I have given some thought to evangelism as of late.  I have listened to discussions on the hour in which we live, who to share with, and how to share.  How would I "share" Jesus?

I thought of an allegory of sorts.  If Jenn, my wife, was always talking about her groom, and someone wanted to meet me, it could look like any of these scenes.  These are some takes on how I would have described Him in the past...

"You've come to meet my groom-to-be?  He is so wonderful.  He is kind and compassionate, always listening.  He is so wonderful.  Let me

  A.) take you upstairs to his room.  I'd love to show you his room.

  B.)  take you into the kitchen.  I can show you our calendar and how many activities we do together.

  C.)  take you upstairs .  I have all his love letters to me bound together in a book.

  D.) show you my jewelry box.  He has given me so much jewelry.  Then I can show you all of the gifts He's bought me over the years.

  E.) show you all the things he's done around here.  He's so good at doing my honey-do list!

  F.) get you to help me with all this stuff I need to get done for him.  I know if I don't do all this stuff and stay busy, he's going to get mad.  But he's so wonderful.

   G.) go get him and introduce you to him.  We can sit back and take a rest, all of us together.  He has blessed me in so many ways!

I think if I was at the door, and the response was A-F, my initial response would be, "Did he die?  Has he left on vacation?  Why can't I meet him?"  Maybe that's where the world is with His bride.  Kind of reminds me of Elijah, mocking the folks worshiping their idols and waiting for their false gods to deliver them.  Or, is it what Jesus said?  Have we waited too long, so we've started beating each other up (Lk12:45)?  I think we have emotionally and spiritually in our hurts, angst, and disappointments...

I can remember in the early part of my walk, if someone asked about my journey, I'd tell them where I went to church, tell them about a pastor or teacher, or all the things we did at the church.  But as I moved into the discipline of prayer, I made my list of what I wanted or what other people wanted and took it to God.  Many times that led to disappointment when my list didn't get done just as I wanted.  Then we moved into charismatic flavors of the church, and it was all about the gifts.  You have to move in the gifts.  And you better be busy pressing in, praying for stuff in a certain way for a certain length of time, or else He'll get mad and smite our state, town, country, etc.  And if it is really important, starve yourself - He'll change His mind if He sees His bride starving herself!  Then, let's make the form different - as if religion at home in a home church is any different than any other religious institution.  Wayne Jacobsen likes to say, "At least the Pope is in Rome." 

Let's call sin for what it is - It is doing anything apart from Him.

I have been there myself [heartache for the lost], I know their deal and devotion; their problem is not their passion, but their ignorance.  They are tirelessly busy with their own efforts to justify themselves while blatantly ignoring the fact that God already justified them in Christ.  -Romans 10:2-3 Mirror
The message puts it this way:
I readily admit that the Jews are impressively energetic regarding God—but they are doing everything exactly backward.
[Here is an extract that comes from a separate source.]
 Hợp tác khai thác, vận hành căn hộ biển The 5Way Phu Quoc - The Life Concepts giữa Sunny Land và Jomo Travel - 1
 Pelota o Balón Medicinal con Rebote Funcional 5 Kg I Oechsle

They don’t seem to realize that this comprehensive setting-things-right that is salvation is God’s business, and a most flourishing business it is. Right across the street they set up their own salvation shops and noisily hawk their wares. After all these years of refusing to really deal with God on his terms, insisting instead on making their own deals, they have nothing to show for it.
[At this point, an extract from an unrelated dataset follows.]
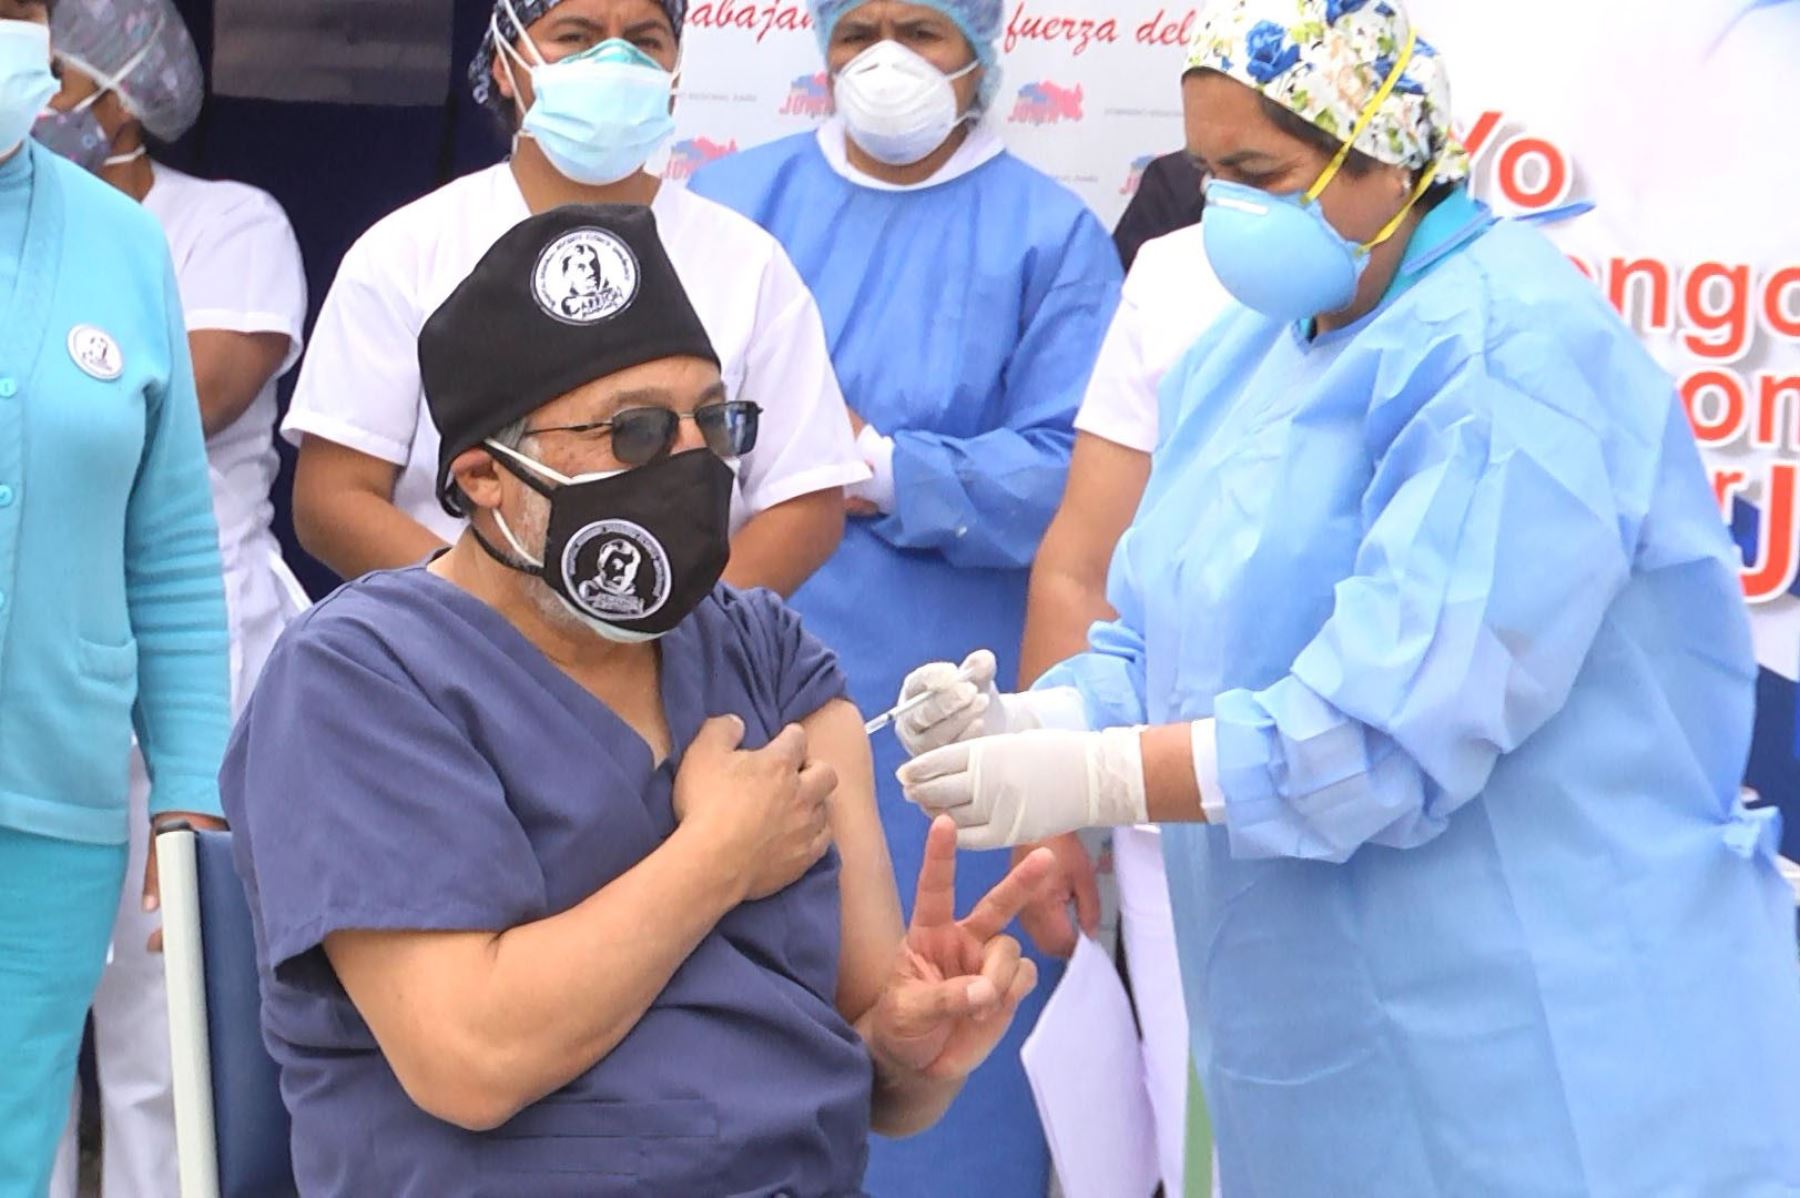 Médico José Jordán Morales recibe la primera dosis de la vacuna contra el covid-19 en la región Junín. Foto: ANDINA / Pedro Tinoco.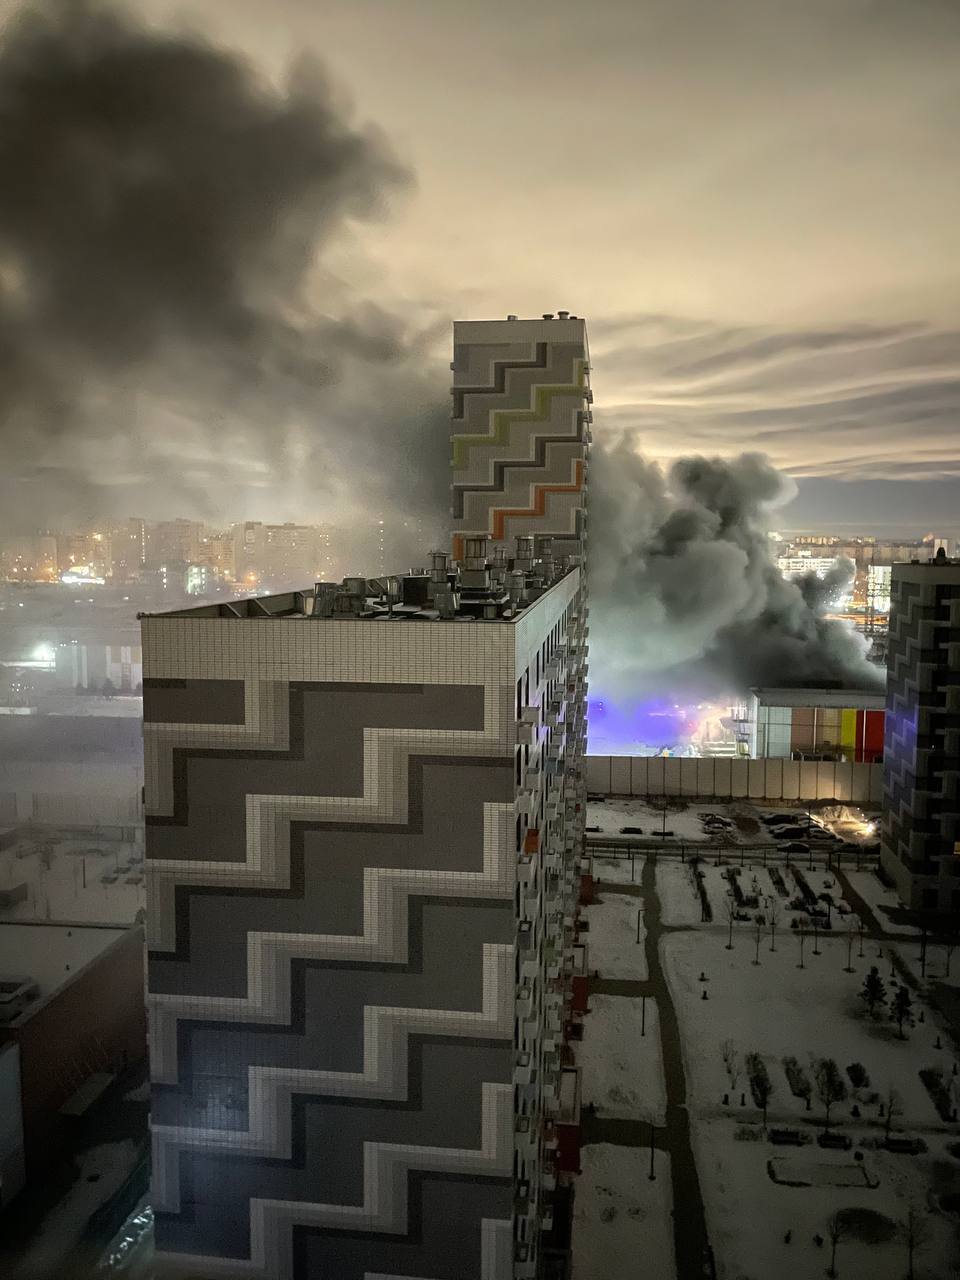 Без света, воды и тепла в мороз 25 градусов: Москву догнал "бумеранг" из-за пожара на трансформаторной подстанции. Фото и видео

Sound familiar?  Paul could write that today.  God's terms, be still and know Him.  Rest.  Enter into His rest.  It still means works - fruit - but through faith.  It's effortless.  If it is works without faith or *for* Him, without entering His rest, it's exhausting.  Rest apart from Him is merely laziness and life in the lust of the flesh...and that's not rest!
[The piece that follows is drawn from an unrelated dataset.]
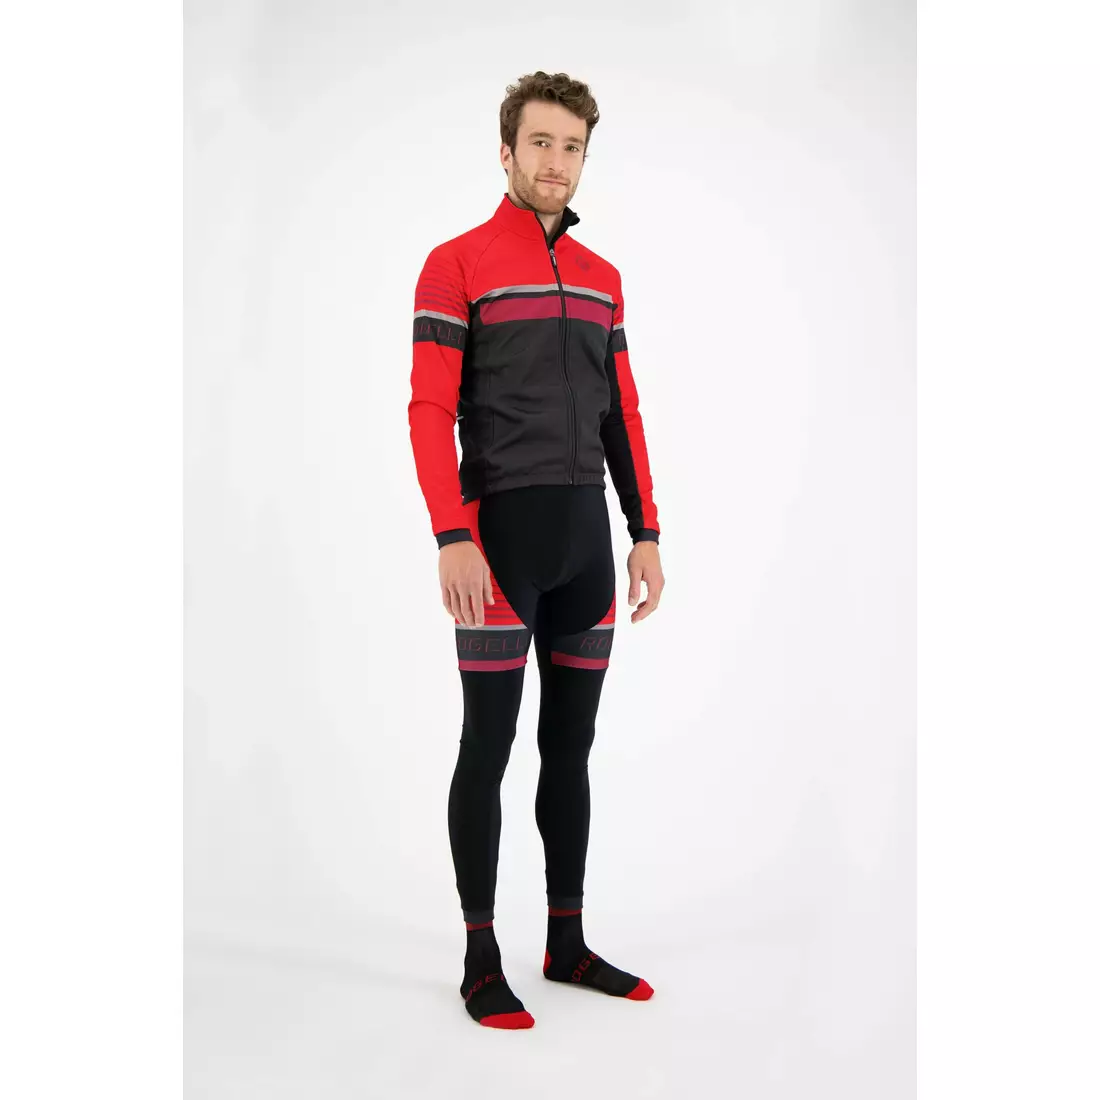 ROGELLI Pánska cyklistická bunda HERO čierna a červená 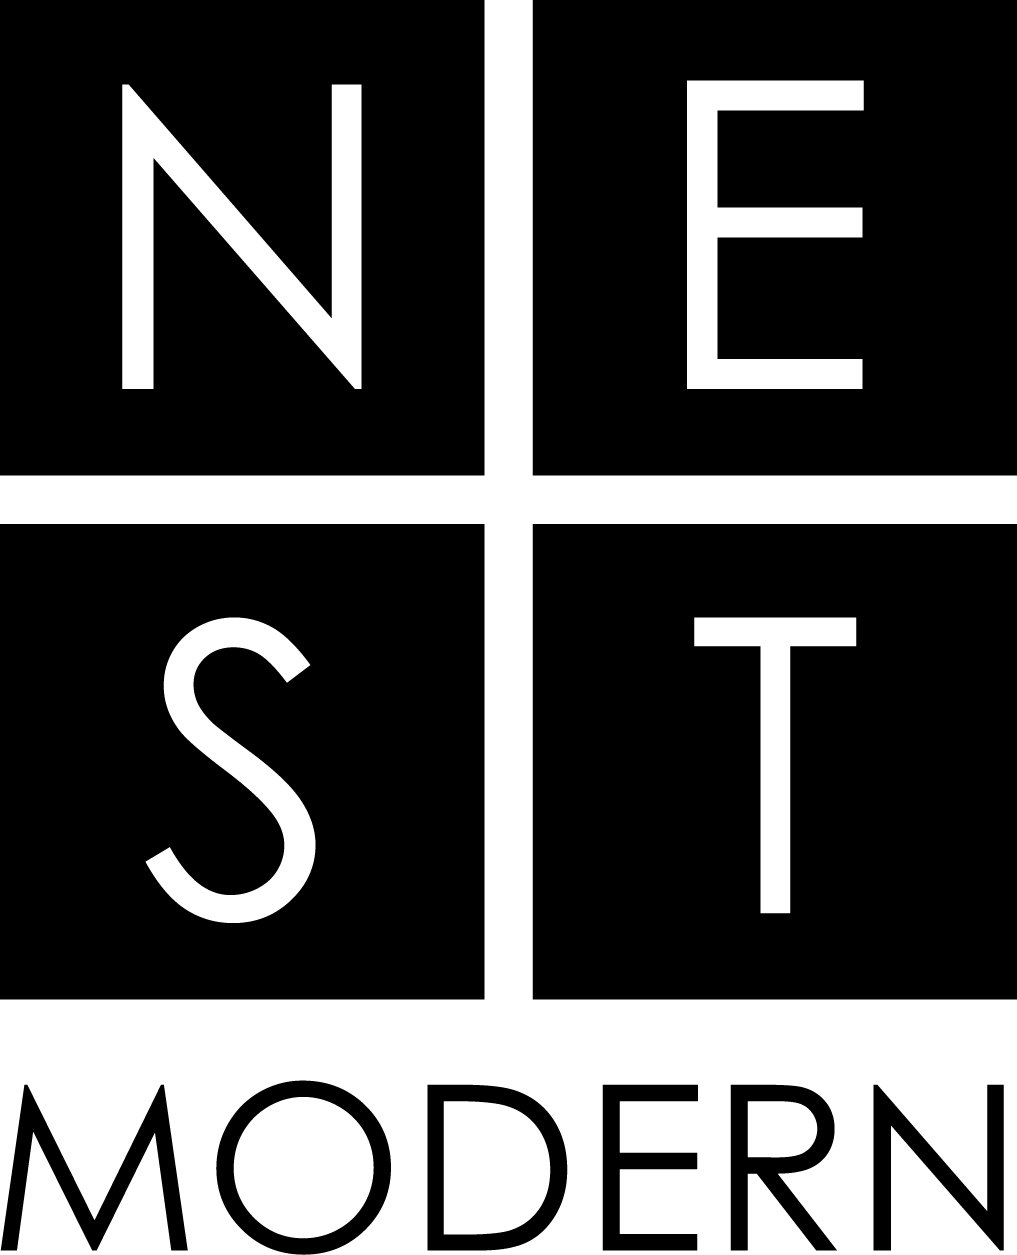 NEST logo-new_blck.jpg

The culmination of this journey is summed up in a Person.  Not in the word.  Not in the law.  Not in experiences.  Not in gifts.  Not even in blessings.  I'm thankful for all those things as a bonus to the Person of Jesus, and the relationship with Him.  Unfortunately I still stay too busy to see Him in everyday unfolding of life.  Today has enough worry of it's own.  See what unfolds as He puts things and people on our hearts.  Live loved!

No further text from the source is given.